Mariselle slowly shook her head. “I don’t believe that’s true.
I might have agreed with you a few weeks ago, but now …
” She sighed dreamily as she lowered herself to the edge of her bed.
“You haven’t seen how he is when we’re alone.
How different he is. So … attentive, thoughtful, sincere.
Especially in my dream. You know how difficult it is to be anything but honest in a shared dreamscape. ”
Petunia shoved herself upright again, eyes widening in complete horror. “Mariselle Brightcrest! You dream shared with him?”
“It wasn’t intentional!”
“That’s even worse!” Petunia gasped. “It happened when you didn’t even intend it to? It’s … it’s … that means you didn’t even realize how much you’ve allowed yourself to trust him. Mari, you must have dropped your guard entirely with him.”
“Is that so bad?” Mariselle asked in a small voice.

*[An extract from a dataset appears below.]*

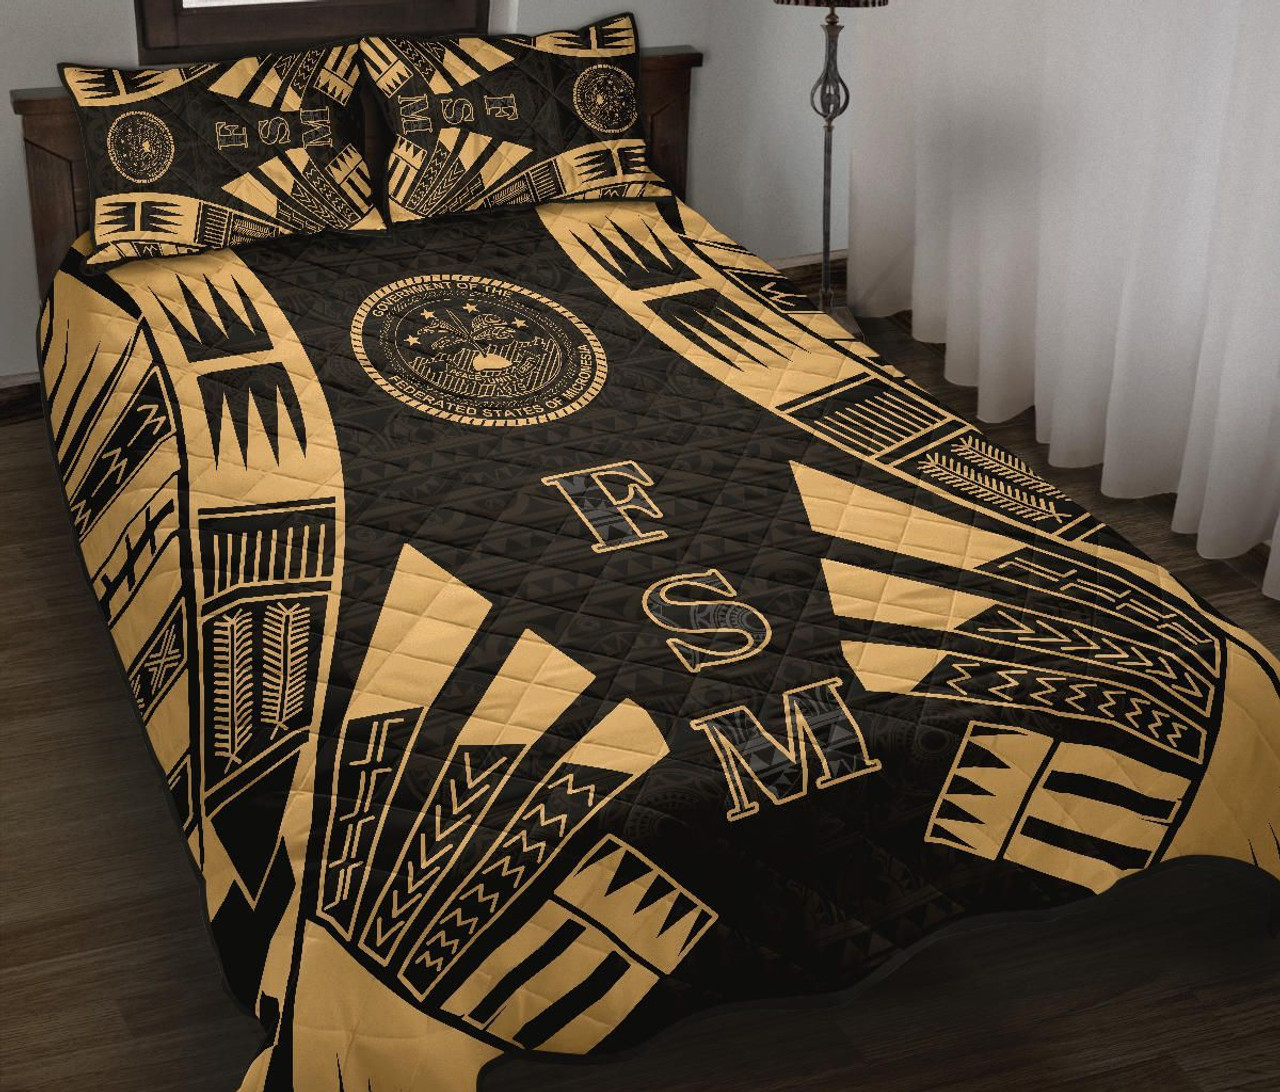 Federated States of Micronesia Quilt Bed Set - Federated States of Micronesia Seal Polynesian Yellow Tattoo Style 2

“Yes! He’s a Rowanwood! You need to stop and think rationally about all of this instead of gallivanting through your subconscious with the enemy.”
“But he’s not the enemy anymore,” Mariselle whispered. “He truly isn’t. And after spending some time with his family, I don’t believe any of them are.”
Petunia groaned dramatically and flopped back onto her pillows, one arm flung across her forehead. “You’re hopeless.”
Mariselle sighed, a soft, dreamy sound, and mirrored her cousin’s action, falling back onto her own bed with one hand over her heart. “I know.”
“Completely, utterly, beyond all reasonable salvation,” Petunia continued.
“Mmm,” Mariselle hummed in absent agreement, her gaze fixed on nothing as she held the mirror loosely at her side while replaying the feeling of Evryn’s fingers threading through her hair.
“You’re not going to get over this, are you?”
Mariselle rolled onto her stomach and propped herself up on one elbow as she gazed into the mirror. “I don’t think one can just get over love, Tunia,” Mariselle replied softly.
“Your parents shall expire on the spot when you tell them you wish to go through with this,” Petunia pointed out. “Their melodrama will echo through the ages.”
“Perhaps they’ll come around,” Mariselle suggested, though her voice lacked conviction. “Once they see Dreamland, once they understand what Evryn and I have accomplished together …”
She stared past the mirror, reliving the sensation of his fingers sliding between hers. Remembering how tightly she’d held onto him, how his touch made her feel secure and safe in a way she’d rarely known.
Anticipation tightened inside her. “Oh, Tunia, I don’t know how I am to last until I can see him again tomorrow. The time feels as though it’s stretching endlessly before me.”
“Tragic indeed. I shall alert the gossip birds to spread the news: Lady slowly perishes of impatience.”
Mariselle ignored her. “And when I do see him, what then? What am I to say? Oh, Tunia, it’s the most maddening conundrum. I long to be near him, and yet I haven’t the faintest idea what I’ll say once I am.”
Petunia threw an arm over her eyes and yawned. “You could ask him about his conversational muscles,” she mumbled.
“Petunia! That isn’t remotely helpful.”
“Why? He’s clearly the sort to possess conversational muscles.”
“No, dear cousin, he possesses muscles that are very much made for lifting things.” Mariselle’s skin flushed at the memory of Evryn helping her down over the Dreamland ruins, his shoulders broad and firm beneath her hands. “I know because I have … ah … been lifted.”
Petunia lowered her arm, brows shooting upward.
“Over the Dreamland ruins!” Mariselle added hastily, her face burning.
“Yes, that definitely sounded like what you meant.”
“Petunia Dawndale!”
“Mariselle Brightcrest!”
Mariselle started laughing. “What now? Are we simply stating each other’s names until?—”
She froze, a sound reaching her ears from somewhere outside her room. Footsteps. Muffled voices.